The hindlimb ischemia was performed in male BALB/c nude mice (8–10 weeks). In brief, the proximal and distal femoral artery were ligated using nonabsorbable suture (7–0) and 3 million ECs or PBS (negative control) were then injected into the ischemic hindlimb of the mice. Blood perfusion was monitored every four days by the laser Doppler blood perfusion (Moor instruments).

SA-β-gal staining

In brief, cells were fixed with fixation buffer (2% formaldehyde and 0.2% glutaraldehyde) for 3–5 min at room temperature. Then, cells were washed twice with PBS and stained with staining buffer at 37 °C overnight. The percentage of SA-β-gal positive cells were quantified using ImageJ.

Clonal expansion assay

Three thousand heVECs or heVSMCs were seeded in each collagen-coated well and cultured in complete heVEC and heVSMC medium for 10 days. Cells were fixed and stained with 0.2% crystal violet. The relative cell number was counted with ImageJ.

Cell migration assay

The cell migration ability of heVECs was measured by wound healing assays. For the wound healing assay, heVECs were plated and cultured in collagen-coated 12-well plates. When the cells reached 100% confluence, a linear scratch (“wound”) was generated using a 1-ml pipette tip, and the cells were cultured and monitored by IncuCyte live-cell analysis system (Essen BioScience) at 37 °C. The number of cells that migrated into the scratch was counted using ImageJ.
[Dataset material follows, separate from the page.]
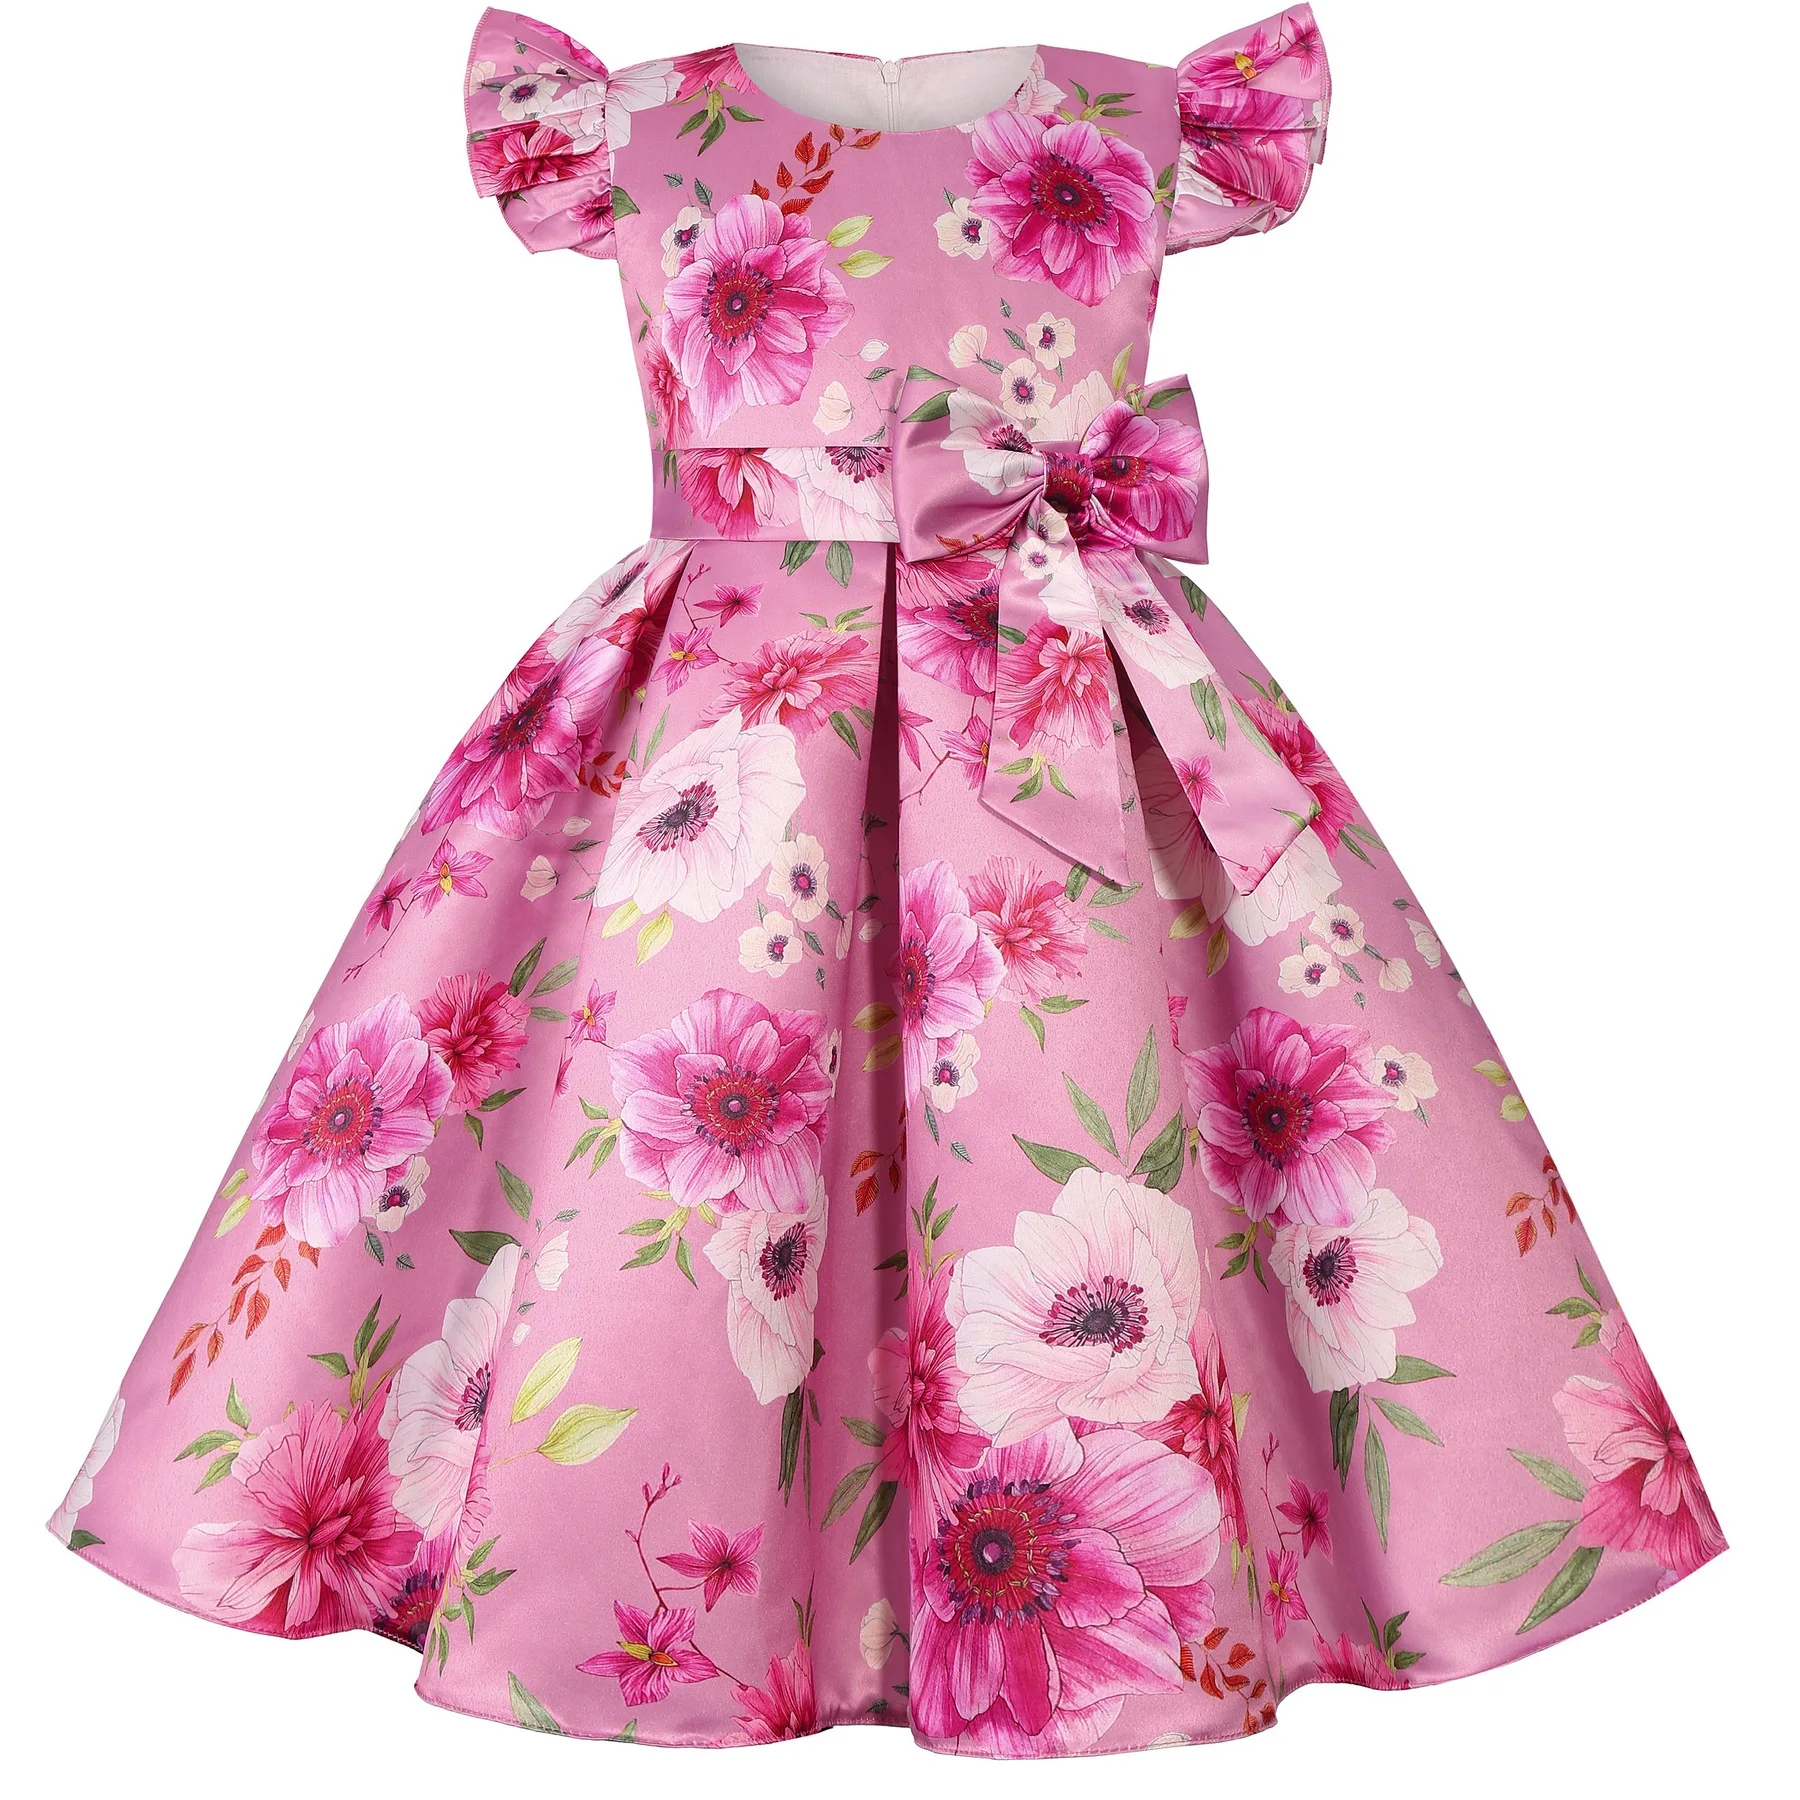 

Летнее платье для девочек с принтом роз, свадебные платья принцессы для дня рождения, атласные детские платья, платья для девочек, Рождественская одежда

In vitro Matrigel tube formation assay

In brief, 7 × 104 ECs were seeded in Matrigel-coated 24 well plates. After 8 h of incubation, photographs were taken by the optical microscope (Olympus) and the tube length was quantified in three random microscopic fields with ImageJ.

Luciferase reporter assay

For luciferase reporter assay, FOXO3A promoter (−1980 to −992 bp) (containing the FOXA2 binding sites) were cloned into pGL3 vector. Then, HAECs were co-transfected with 0.8 μg of pGL3-FOXO3A-promoter vector, 0.2 μg of Renilla vector and 0.3 μg of FOXA2 cDNA expression vector (Origene, RC211408) or 50 uM siRNA-FOXA2. At 72 h after transfection, cells were lysed and relative luciferase activity was measured using Dual-Luciferase Reporter Assay Kit (Vigorous Biotechnology).

Statistical analysis

Data are presented as the means ± SEM. p value was calculated using GraphPad Prism software by two-tailed Student’s t tests. For multiple comparisons, two-way ANOVA or one-way ANOVA, followed by the recommended Holm–Sidak method, was used. Alternatively, statistical methods were included in figure legends.

Ethics statement

All animal experiments were conducted according to animal protocols approved by the Chinese Academy of Science Institutional Animal Care and Use Committee. Mice and monkeys were housed under a 12-h light/dark cycle and supplied with food and water ad libitum. Mice were anesthetized using isoflurane and euthanized with CO2 followed by cervical dislocation.